Mr. Newmark’s company, owned by the Gruben clan of Tuktoyaktuk, is the majority owner of the Mackenzie Hotel, a 98-room showcase built at a cost of $14-million to accommodate oil and gas workers coming North to work. He said regulation of the pipeline has been so cumbersome it will frustrate any future activity.

“Essentially, you are saying to anybody who wants to do economic development in the North: ‘Put in an application and in five years we will tell you if it’s any good or not’, ” he said.

Carmen Loberg, CEO of NorTerra Inc., the Edmonton-based parent company of Canadian North Airlines and Northern Transportation Co. Ltd., owned jointly by the Inuvialuit and the Inuit of Nunavut, said it had hoped to see a fourfold increase in its marine business and a “staggering” increase in air traffic demand.

Now, it’s challenged to maintain flight frequency in the North, and demand for its marine business is languishing.

“We had a lot of success training people for jobs that don’t exist now,” Mr. Loberg said. “For those 100 people, it’s a real life issue. They are engaged in other work, and some are simply unemployed.”

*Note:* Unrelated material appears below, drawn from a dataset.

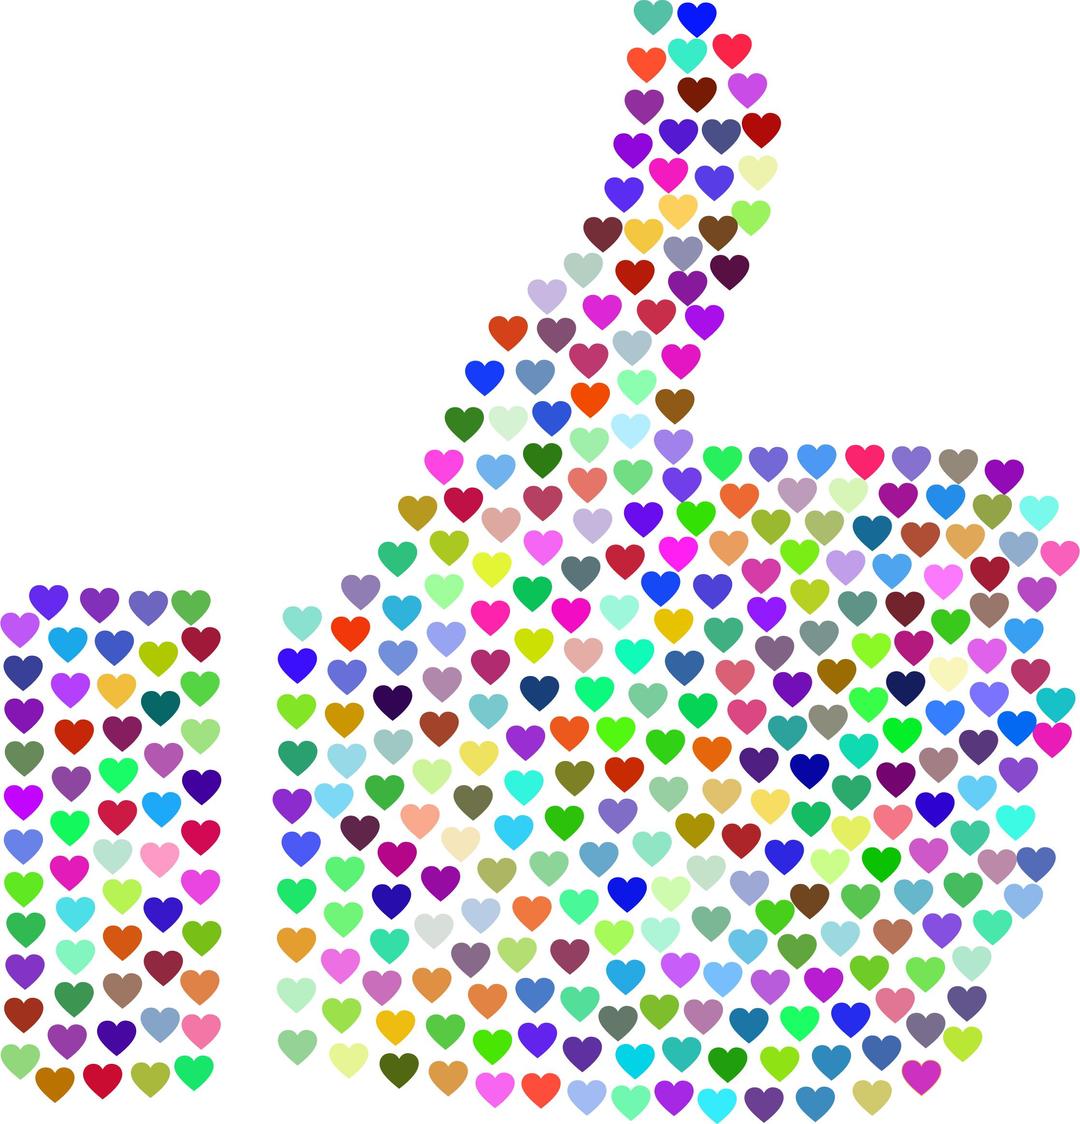 Prismatic Hearts Thumbs Up Silhouette 2 No Background png transparent

Despite their distance from the market, people of the Western Arctic have learned to watch the global oil-and-gas industry, and they worry.

Immense supplies of shale gas have been found in the past couple of years in Texas, Louisiana and New York, deposits that are easier to develop; imports of liquefied natural gas from offshore fields are increasing; natural-gas prices are so low that easier-to-tap conventional gas in Alberta is on the sidelines; the rival Alaska pipeline is gaining momentum and big U.S. government handouts.

They also worry that the minority federal government, which was so quick to salvage the Ontario-based auto industry, will keep dragging its feet in the North because there is little political upside.

“We have one Member of Parliament, and he is NDP,” said Mr. Hagen. “We are not high on their priority list.”

So, leaders are talking up the pipeline as a national stimulus project because many jobs would go to Ontarians and Albertans, and it’s key to maintaining Arctic sovereignty and delivering clean energy.

They also point out costs have likely declined from the last $16.2-billion price estimate because of the economic downturn.

“We could build low and sell high,” proposes the Premier. “If we wait too long, we risk losing the best stimulus that we could ever hope for.”

There is little else on the horizon for this region in the tundra, covered in ice most of the year and almost exclusively dependent on government employment.

No more onshore exploration work is planned. Oil exploration in the deep waters of the Beaufort Sea by Imperial Oil, with Exxon and BP PLC, is seen as unlikely to generate major spinoff benefits. Tourism driven by sports hunting has died down with the recession.

Fred Carmichael, the Gwych’in leader who helped get the pipeline off the ground early in this decade and is now the chairman of the APG, said the pipeline needs to go ahead.

Many lessons have been learned in the past 10 years, he said. “Not only have the aboriginal people learned the importance of oil and gas, but the oil industry has learned the importance of the land and of the environment. And we have learned to work together in co-operation to ensure we can do this type of development with [mutual] respect.

“You will never see a joint review panel again,” he promises.